Staging Env: Password protect everything except for webhook

Question 1

I don't think you can do this with `Rack::Auth::Basic'. However, looking at the source, it seems that you can create your own simple authentication mechanism that takes an extra option.

It's the same as Rack::Auth::Basic, except for the call method. Create a file called authenticate_excluding.rb in app/middleware with the following:

class AuthenticateExcluding < ::Rack::Auth::Basic

  def initialize(app, options={}, &authenticator)
    @excluded_paths = options[:exclude]
    super(app, options[:realm], &authenticator)
  end

  def call(env)
    if @excluded_paths && @excluded_paths.include?(env['PATH_INFO'])
      return @app.call(env)
    end
    super
  end
end

You can now use it with:

config.middleware.insert_after(::Rack::Lock, "AuthenticateExcluding", excluding: ["/webhooks/service", "/other_hook"]) do |u, p|
  [u, p] == [ENV["STAGING_USERNAME"], ENV["STAGING_PASSWORD"]]
end

That should work. If you also want to enable the realm (the previous "Staging" argument), you can also add realm: "Staging" to the options hash.

Question 2

I found that I could easily solve the issue by just including the staging username and password in the webhook URL.

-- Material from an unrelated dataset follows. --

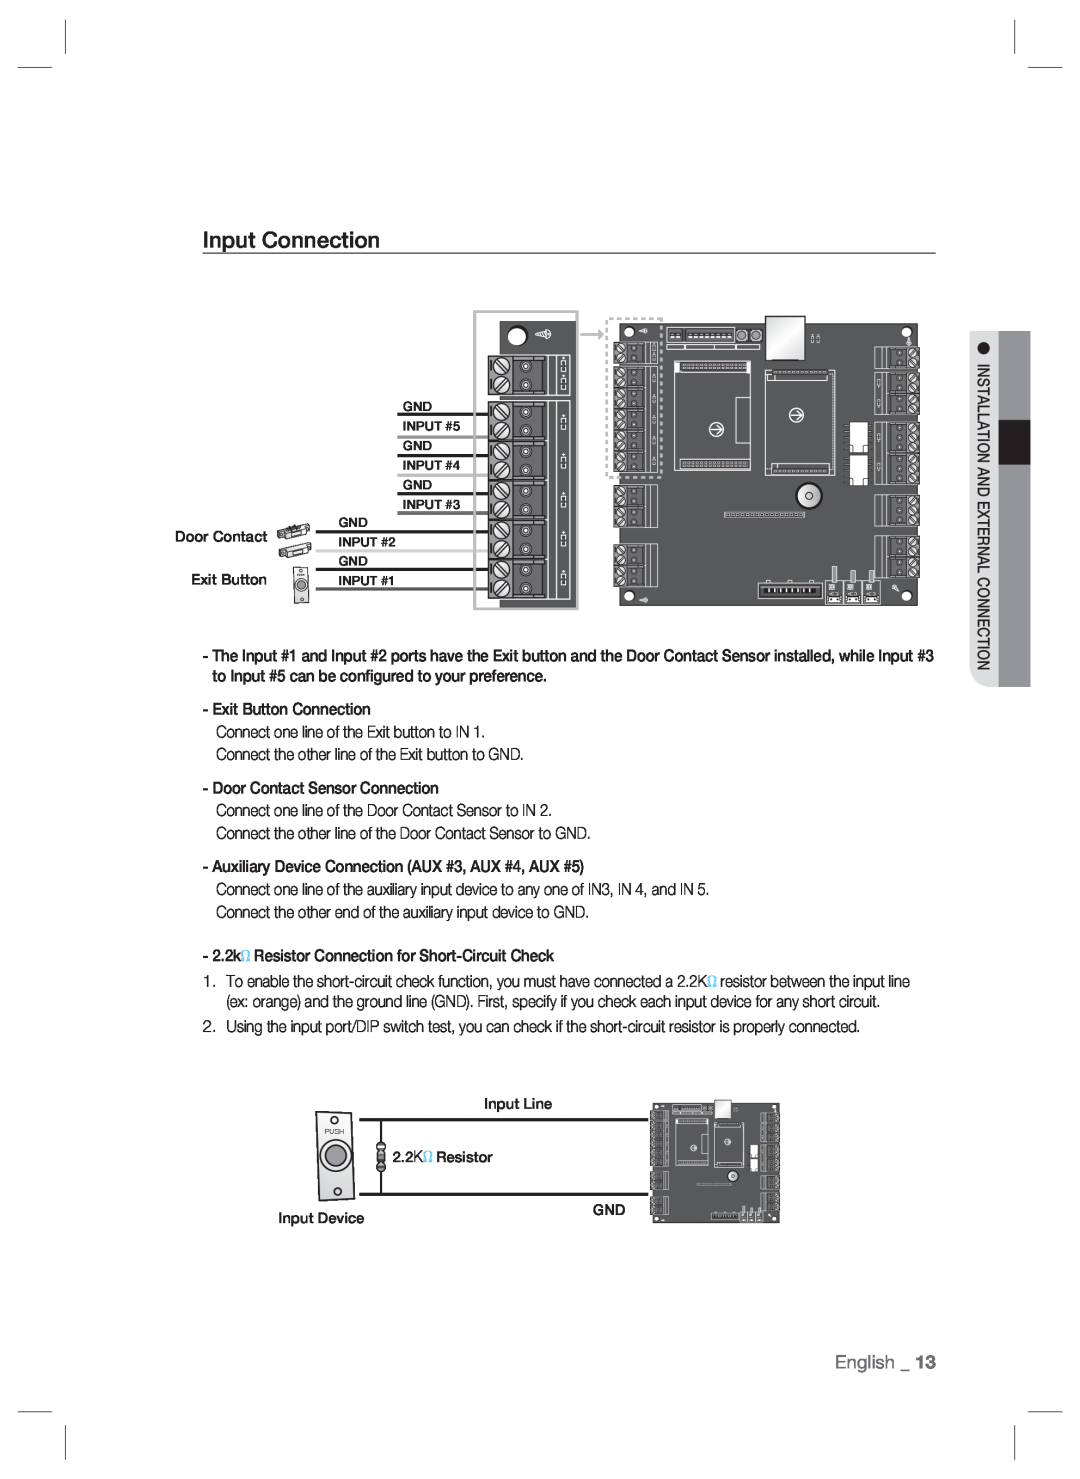 Samsung SSA-P102T user manual Input Connection, English

If this URL requires HTTP Basic Auth, enter http://USERNAME:PASSWORD@YOUR_URL into the url field." - Codeship.io

Question 3

This is easy to do with rack/private as you can specify an exception like so:

use Rack::Private, :code => ENV["STAGING_PASSWORD"] do
  except '/webhooks/service'
end

You can also specify HTTP methods as well if required.

The only problem is that you don't have a username AND password, just a secret code. I don't know if that meets your needs?